Хлопнувшая дверь просигнализировала, что её работница ушла. Царькова нащупала глазами икону Иисуса Христа, под которой ещё недавно прошла Митрофановна. Казалось, Господь смотрит на неё с некоторой жалостью. Только после того как она слегла в постель, она обнаружила, что Он всегда смотрит по-разному. Сейчас с жалостью, чаще с любовью, а иногда и с укором. Карий цвет его глаз всегда завораживает, настраивая расстроенные струны души на правильный лад. Но сейчас в глазах жалость.
«Господи, всю жизнь жила честно, никому подлости не чинила. Старалась страну свою прославлять. Золото стране добыла на Олимпийских играх… И вот, дожила, пить некому подать. И это, по-твоему, справедливо? Молчишь? Молчи, молчи. А я еще поборюсь… Где моя инвалидная лошадка?»
Она протянула руку к стоящим рядом ходункам и стала медленно, по сантиметру, сползать с кровати. Через достаточно продолжительное время она наконец уже сидела на кровати, держась за инвалидные ходунки. Однако решимости не хватало. Женщина вспомнила, как первый раз в жизни садилась на коня в детской конноспортивной школе. Вот так же долго не решалась, боялась это благородное и сильное животное, которое косилось на неумеху белоснежными белками карих глаз.
«Ну, чего ты? Эта «инвалидка» тебя не понесёт по манежу, чего боишься? Ходунки не взбрыкнут».
Она задрала ночную рубашку, осмотрев свои дряхлые, в синих прожилках ноги.

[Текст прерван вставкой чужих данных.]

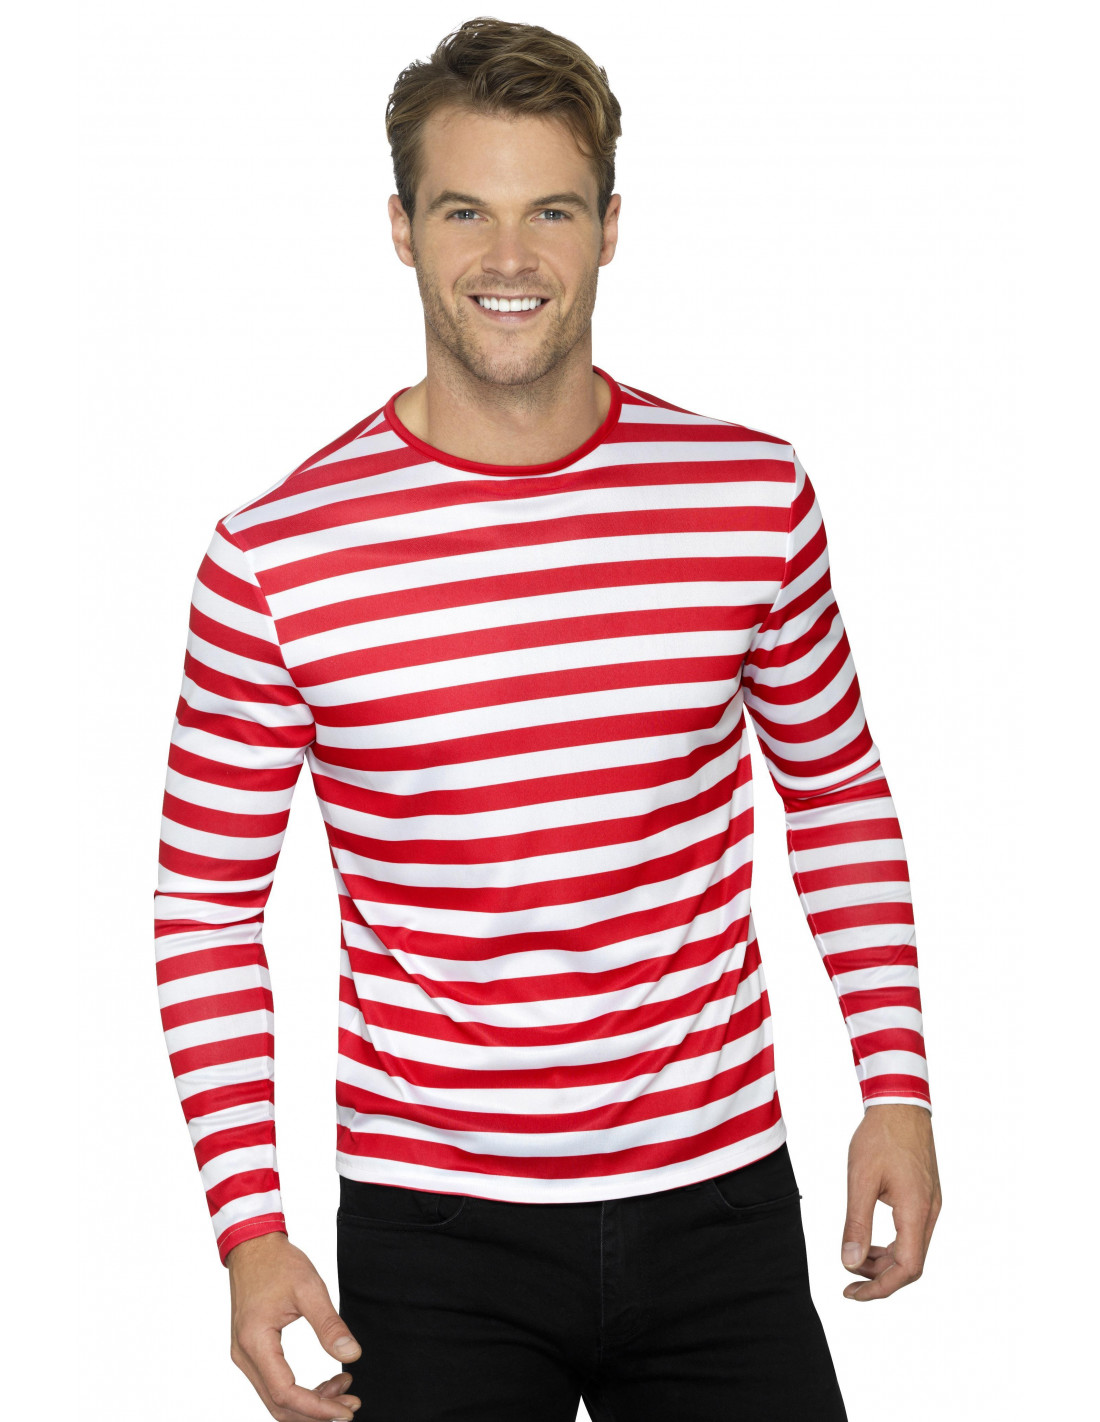 Camiseta de punto con rayas - Rojo/Rayas blancas - MUJER

«Страшные какие. Как у покойницы».
Она всегда раньше гордилась своими стройными мускулистыми ногами. Белое трико и короткий жокейский пиджачок. Приятно чувствовать на себя вожделенные мужские взгляды. Казалось, что трибуны излучают мужские феромоны. Это её стимулировало. Возбуждало. Она представляла, что выступает голая в одном пиджаке, полностью открытая многочисленным взглядам мужчин. Она привстаёт в стременах, и сотни биноклей бесстыже осматривают интимные подробности её тела. Эта игра помогала ей держать красивую осанку. Не заваливаться вперёд к шее лошади. Иметь всегда румянец на щеках и блестящие глаза. Канцибер всегда ставил её в пример.
«Эх, если бы он знал, о чём я в тот момент думаю. Хотя ему бы понравилось. Он и сам всегда говорил, что женщина на лошади выглядит очень сексуально».

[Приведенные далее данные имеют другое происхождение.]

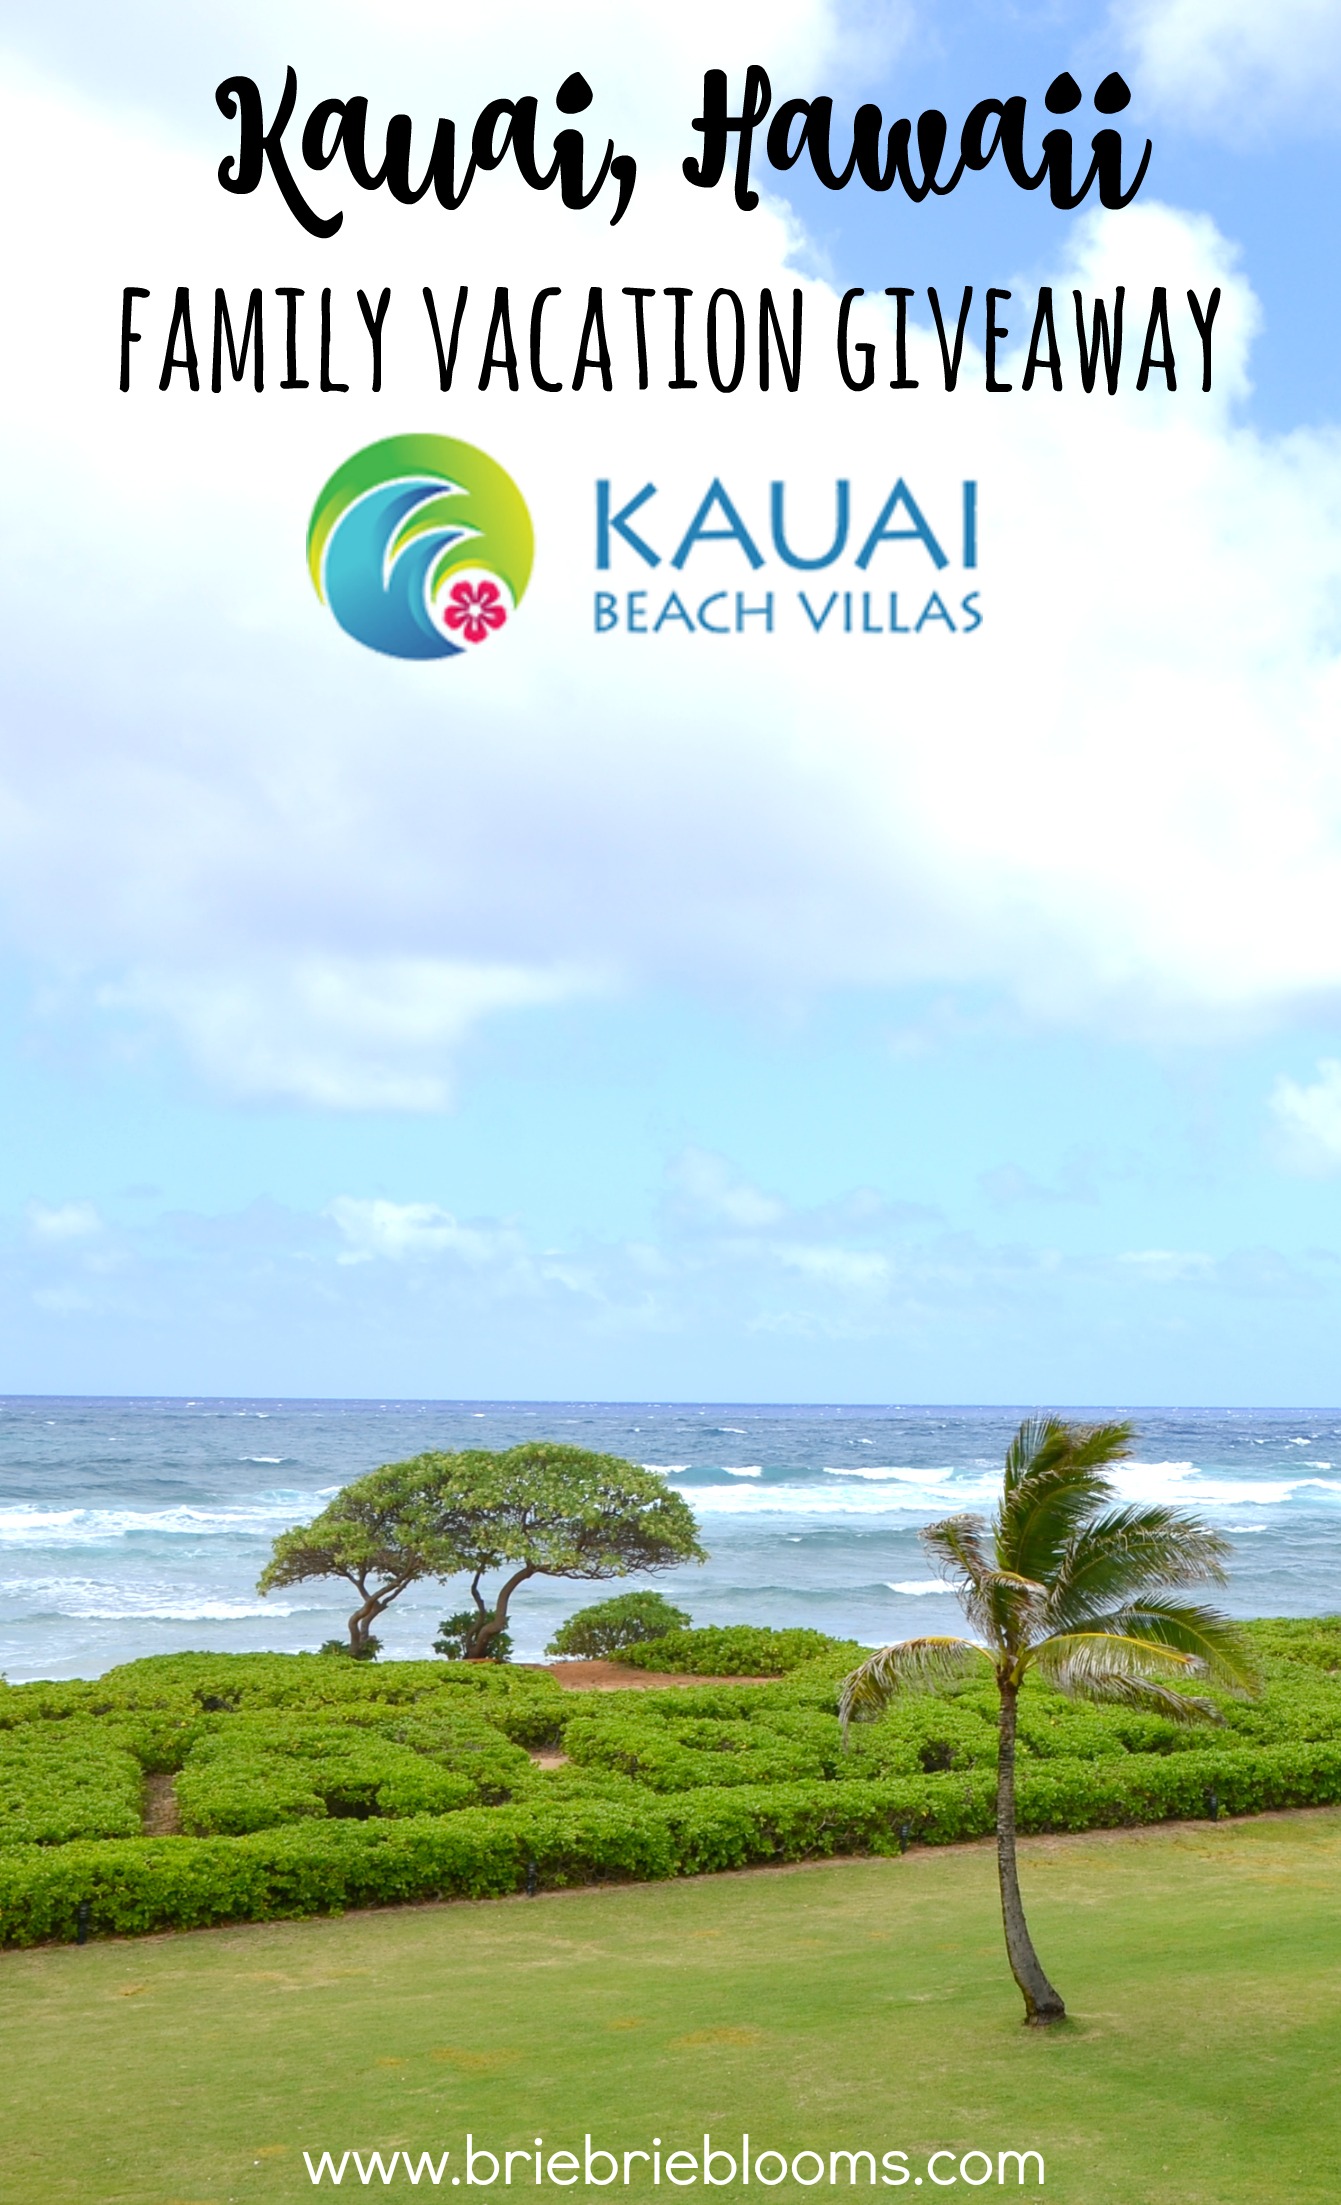 Kauai Beach Villas vacation giveaway

Она сделала попытку подняться на ноги. Навалилась всем телом вперёд и попыталась разогнуть свои «покойницкие» ноги. Конечности затряслись и заходили ходуном, словно выполняли какой-то замысловатый танец. Похожий на пляску святого Витта. Она со стоном опустилась обратно на кровать. Затем сжала зубы, словно собралась брать самый трудный в своей жизни скаковой барьер. Спортивная закалка пришла ей на выручку. Зинаида Фёдоровна стала приподниматься на ноги и тут же опускаться обратно, словно делая разминку перед основным выступлением.
Потихоньку в ослабленные от долгого лежания ноги начала поступать кровь. Немного, но этого было достаточно, чтобы их заново почувствовать. Царькова провела сухим языком по пересохшему нёбу, напружинила руки и сделала вторую попытку подняться. И… встала. На этот раз ноги дрожали меньше. Чтобы было легче, она перенесла вес тела вперёд, на ходунки, отчего стояла согнутая в три погибели. Но стояла. Во рту было так сухо, что казалось из организма ушла вся влага.
«Сейчас не смогла бы собрать слюней, если бы захотела плюнуть. Плюнуть? Почему в голову пришли мысли о плевке? Ах… ну да. Я же давно мечтала плюнуть в лицо своему мужу. За что? И когда в первый раз? Наверное, это желание пришло мне в голову сразу же после награждения меня золотой олимпийской медалью. Он тогда подошел, поцеловал и хлопнул меня ладонью по заду: «Молодец, девка». Словно поприветствовал свою кобылу в конюшне… Нет. Не тогда. Раньше. Еще до Олимпиады. Первый раз я захотела плюнуть ему в лицо в Великих Луках, куда мы приезжали рожать дочку. Да-да. Уже после родов. Когда он меня поздравил, что всё для меня прошло хорошо. Вот тогда я и хотела плюнуть в его мужественное, красивое лицо. От переполнявшего меня тогда желания весь рот заполнился слюной, и я уже представляла, как мой плевок стекает по его гордому римскому профилю. С носа на губы, затем по волевому подбородку… Но тогда я сдержалась, сглотнула слюну. Видимо, еще надеялась на лучшее. А сейчас ни надежды на хорошее, ни слюны в пересохшем горле».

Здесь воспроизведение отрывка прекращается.